The uber low CPC and CPCE put/call ratios continue indicating rampant complacency in the stock market. This ongoing fearless behavior in the chart is rare (all these penny ante highs in the SPX as the put/calls keep banging out lows) and represents traders drunk on Fed, ECB, BOJ and PBOC wine and happy to buy stocks at any price.
Investors are intoxicated from the Fed's easy-money liquor in the punchbowl, donning lampshades and dancing on desktops, throwing darts at stock pages. The happy and complacent bulls are willing to buy anything at the ask because everything goes up on central banker largess. The central bankers are the market and this obscene Keynesian spending this year explains why the put/calls stagger along at uber lows with the stock market unable and unwilling to correct lower.

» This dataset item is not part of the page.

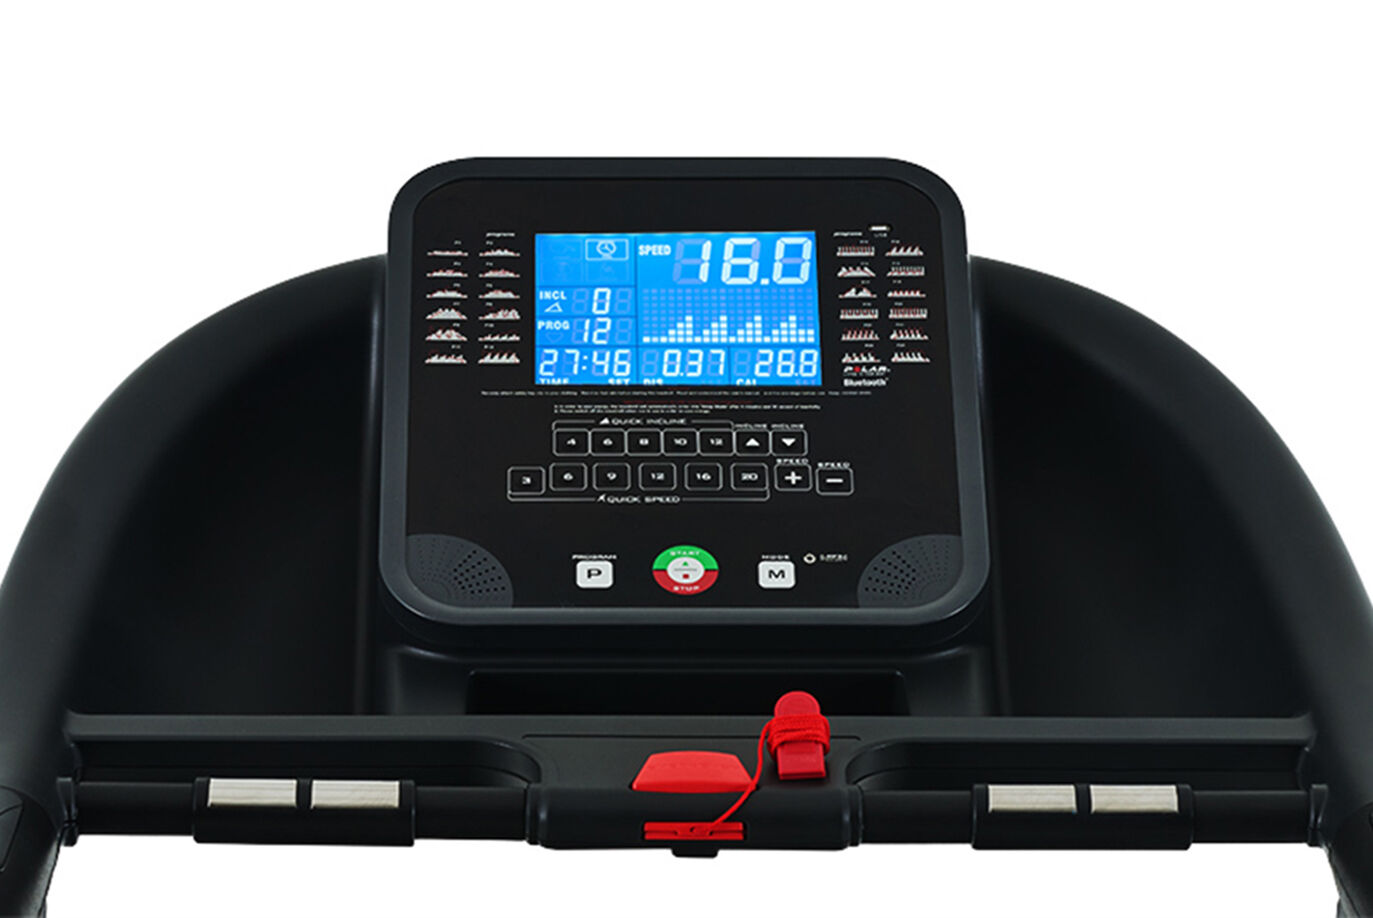 Gym Treadmill Monitor
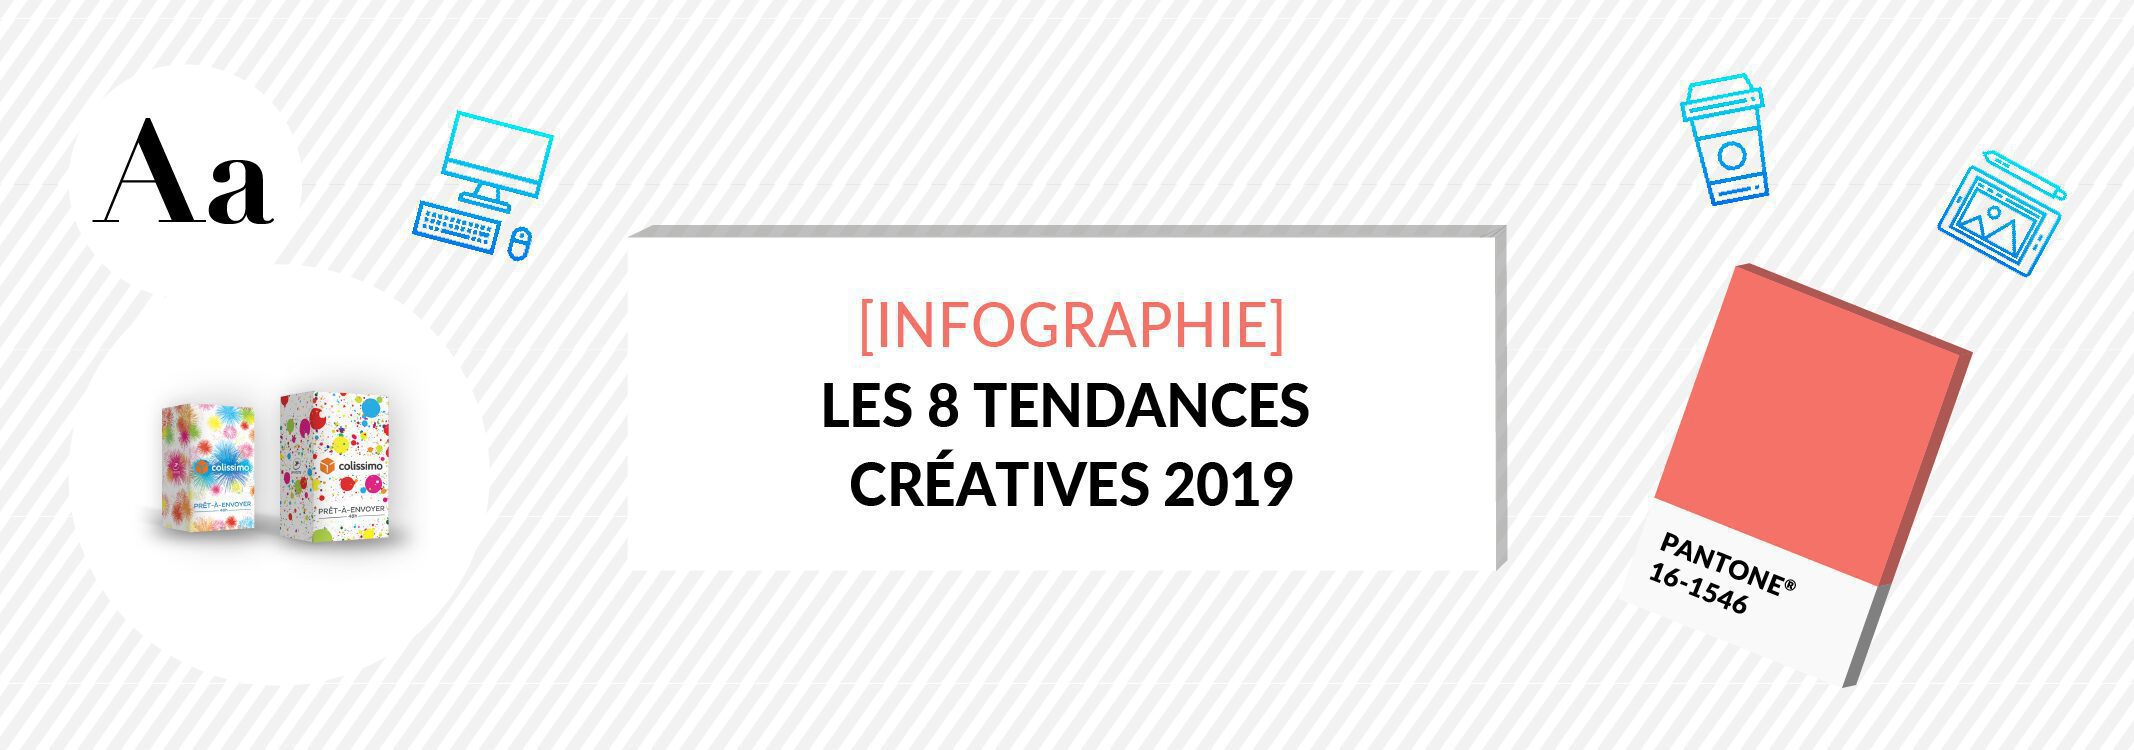 header tendances creatives 2019

Of course all good things come to an end and the put/calls are going to want to extract their pound of market flesh. Stocks are typically bullish into the FOMC meeting which is Tuesday and Wednesday so if the bears want to flex their muscles, they need to start now. Either a big 40 to 100-point reversal in the SPX occurs now through, say Monday, or, it will be kicked down the road to perhaps the last week of this month or early April. Be cautious, however, and do not be greedy. If you have profits on some VST long trades, take the money, since those put/calls are likely going to whack stocks at anytime forward. This information is for educational and entertainment purposes only. Do not invest based on anything you read or view here. Consult your financial advisor before making any investment decision.